NOTEBOOK: Two ways the pandemic, social justice may change employment law
EMILY BARSKE Mar 24, 2021 | 1:24 pm
3 min read time
682 wordsBusiness Record Insider, The Insider Notebook
In a recent interview with Kelsey Knowles, a shareholder and attorney at Belin McCormick, we talked about changes to employment law since the start of the pandemic. As we talked, I also asked her about equity issues that employers might want to know about. Here are two of those.
Remote working accommodations for people with disabilities may be more common
When employers converted their workforce to remote operations at the start of the coronavirus pandemic en masse, many advocates in the disability community were frustrated that the changes could be made so swiftly even though many folks with disabilities had been asking for remote working accommodations for years but were told it couldn’t work.
“Business leaders across the state turned on a dime to create accommodations designed to protect employee health and make work accessible outside of the traditional brick and mortar workplace,” Joseph Jones, executive director of Harkin Institute for Public Policy & Citizen Engagement, wrote in a column for the Business Record in July 2020 as part of the celebration of the Americans with Disabilities Act’s 30th anniversary. “These same accommodations are what the disability community has sought for years to allow for a more open pathway to competitive, integrated employment for persons with disabilities. Now we all know it can be done.”
It raises the question: When more companies return to the office, will they still be able to deny those requesting work-from-home accommodations the same way they were before the pandemic?
“I think there will be changes,” Knowles said, but she noted that the changes to how employers look at remote accommodations might not be as sweeping as we thought at the beginning of the pandemic.

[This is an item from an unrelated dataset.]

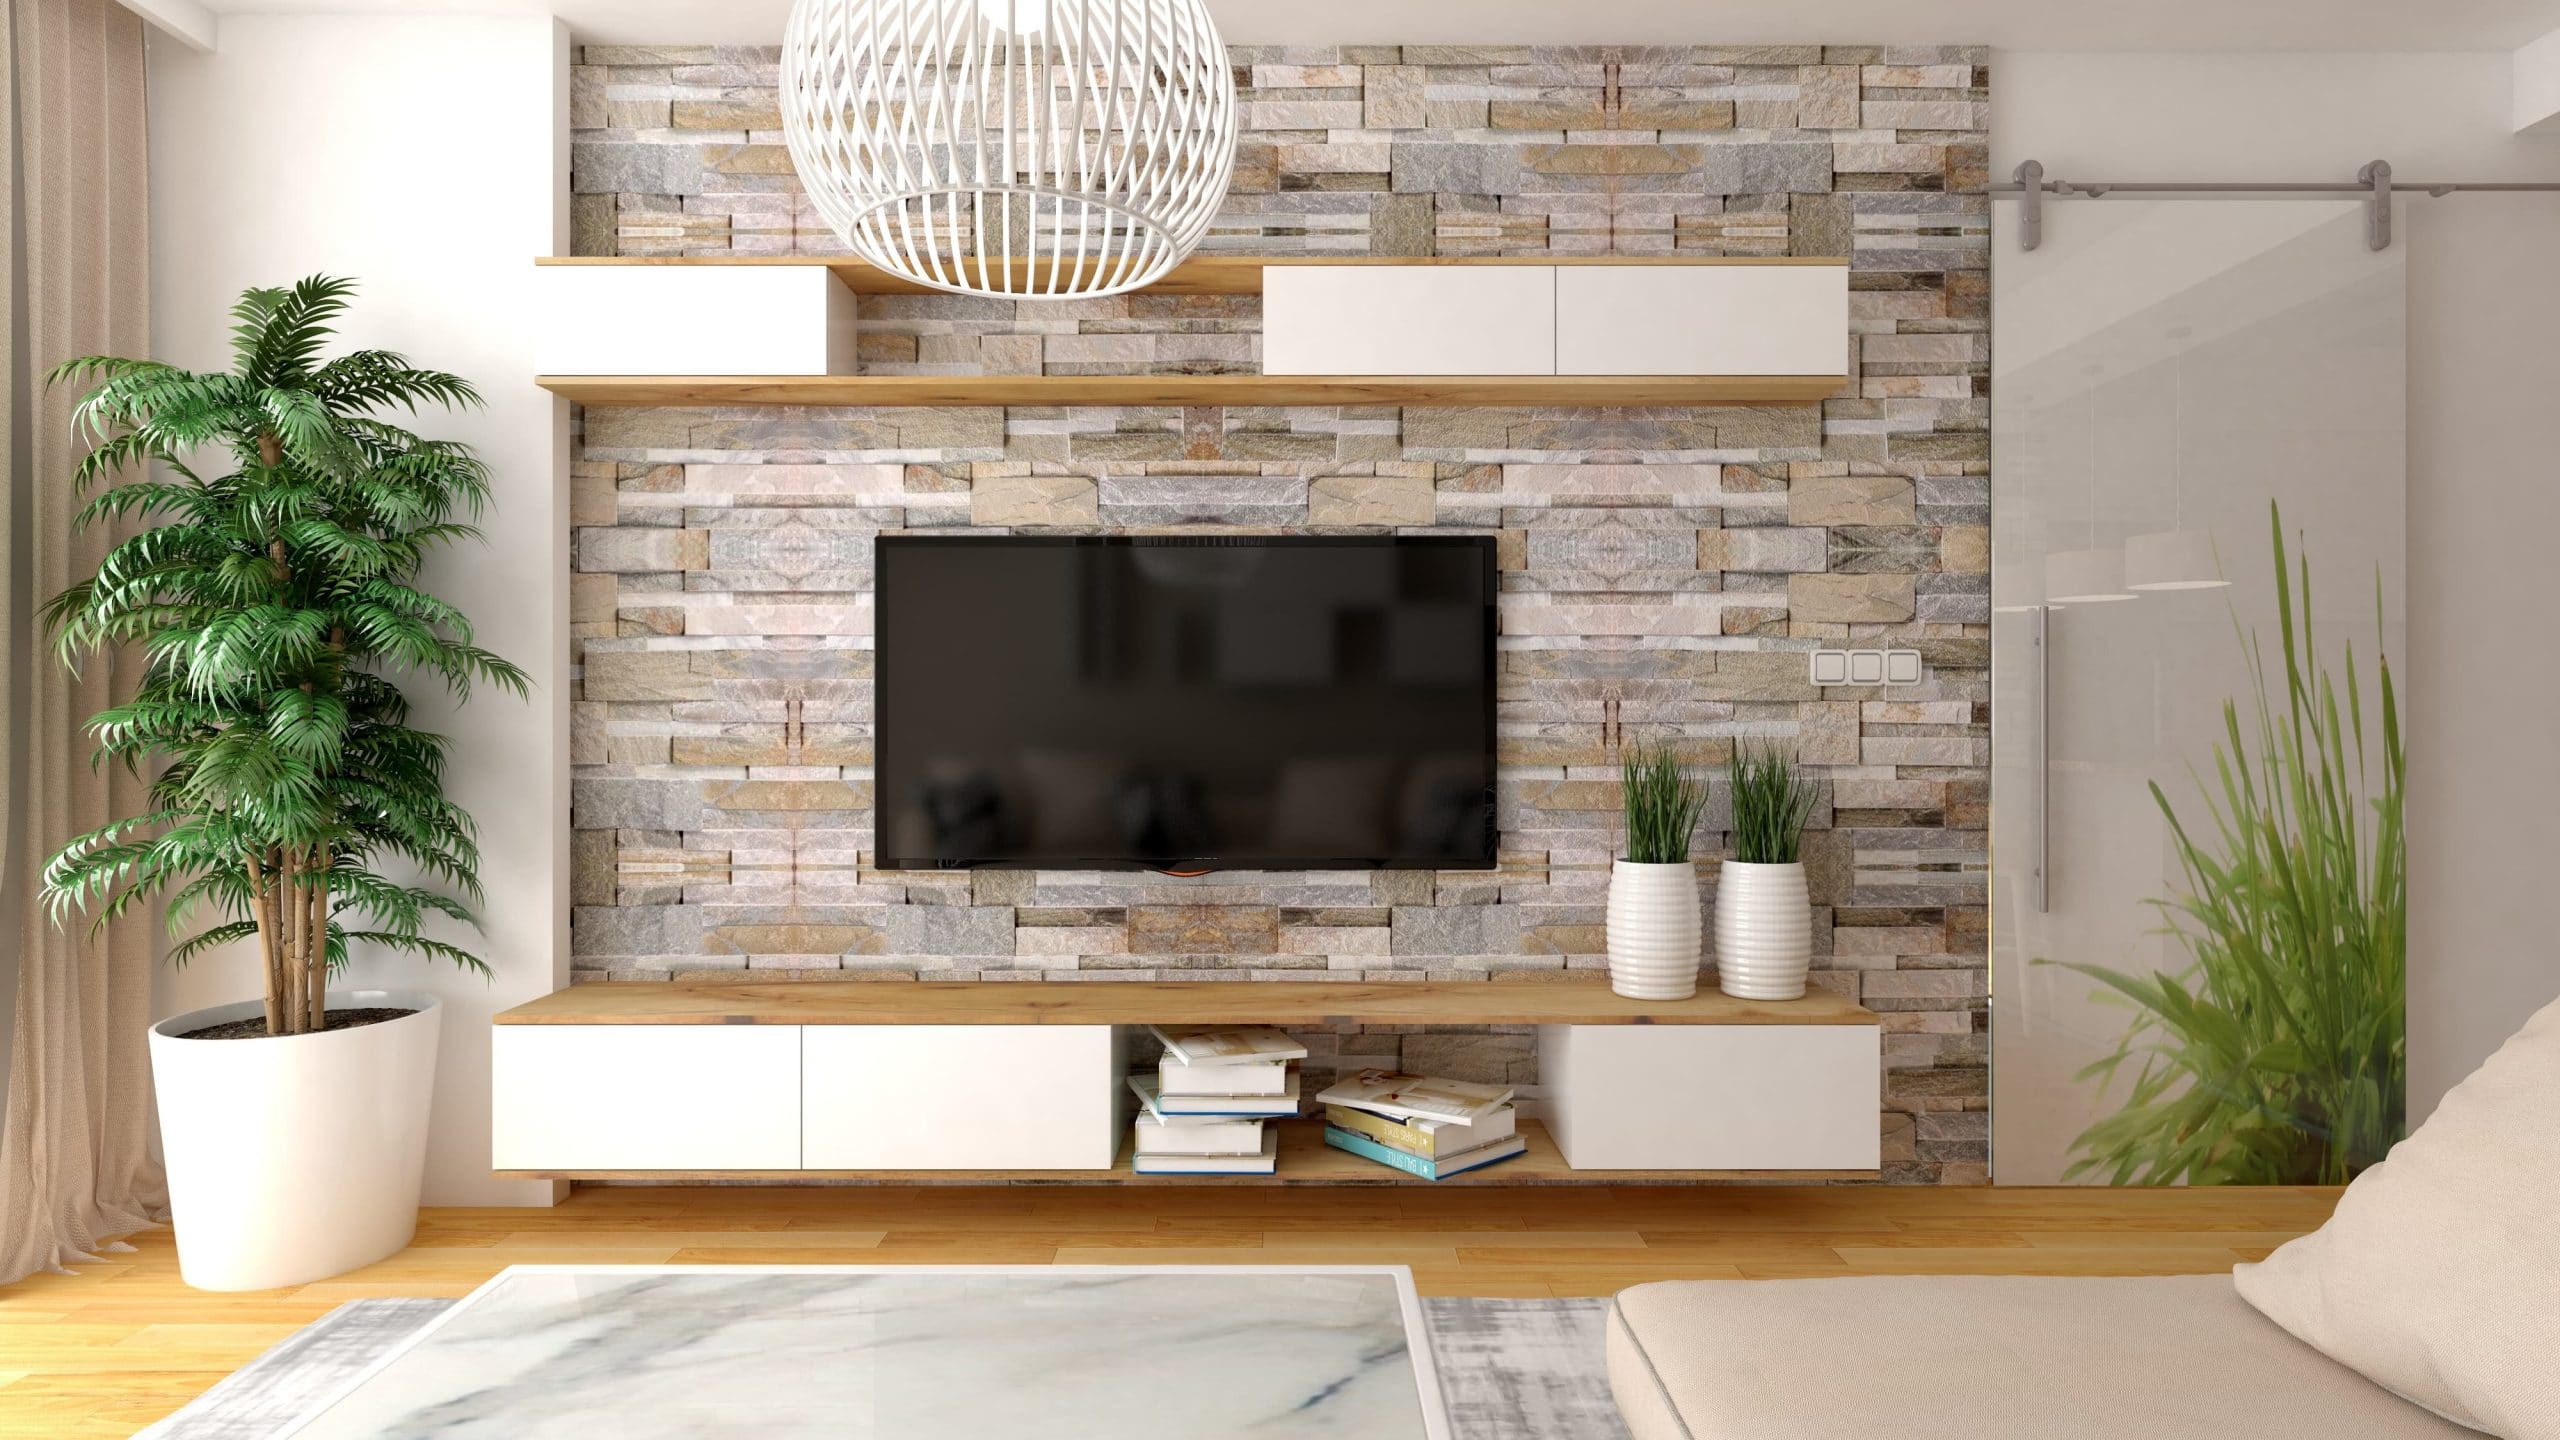 15 ideas para decorar la pared de la tele en cualquier ambiente

As what some thought would only be weeks working at home turned into months upon months, some employers realized that while remote working could be efficient in short settings, it wasn’t sustainable for their business.
“Because it has gone on for so long, I think that maybe we have seen a little bit that there are some jobs where [remote working] doesn’t work, or some people for whom it doesn’t work,” Knowles said. “Sometimes you like these concrete rules that apply to everyone equally, but sometimes there are some folks that just don’t perform as well when they work from home … and didn’t have that accountability of an office. So it forces some individual conversation.
“But I do think people are a little bit more open to the idea of a work-from-home setup, and I think it will be more challenging for employers to just say, ‘Nope, you can’t work from home; this is an in-person job’ without having an explanation as to why. The explanation of just saying, ‘We’d like everybody to be in the same building’ may not be enough.”
The pandemic has created this long experiment, she said. Some employers will have data to show that remote working created inefficiencies and lower productivity – but others will have the data showing the exact opposite, and remote accommodations are something that they probably would offer.
There’s an expectation that employers educate themselves about racial equity
National conversations about racial injustice have also led to more civil rights lawsuits against companies.
There’s an expectation that white employers and fellow employees understand that their friends and co-workers of color have to deal with current events and the world in a different way than they do.
“One of the things that employers should be aware of – and especially those in a leadership role should be aware of – is that I think that the line is moved in terms of how people are expected to behave,” Knowles said. She said tolerance for what may have been intended as a joke but was actually perceived as racist is no longer the same. “I think there is an expectation that people educate themselves, and an expectation that people will treat one another with a high level of respect.”
She said this is similar to how the #MeToo movement brought light to sexual harassment and callous comments that are no longer acceptable.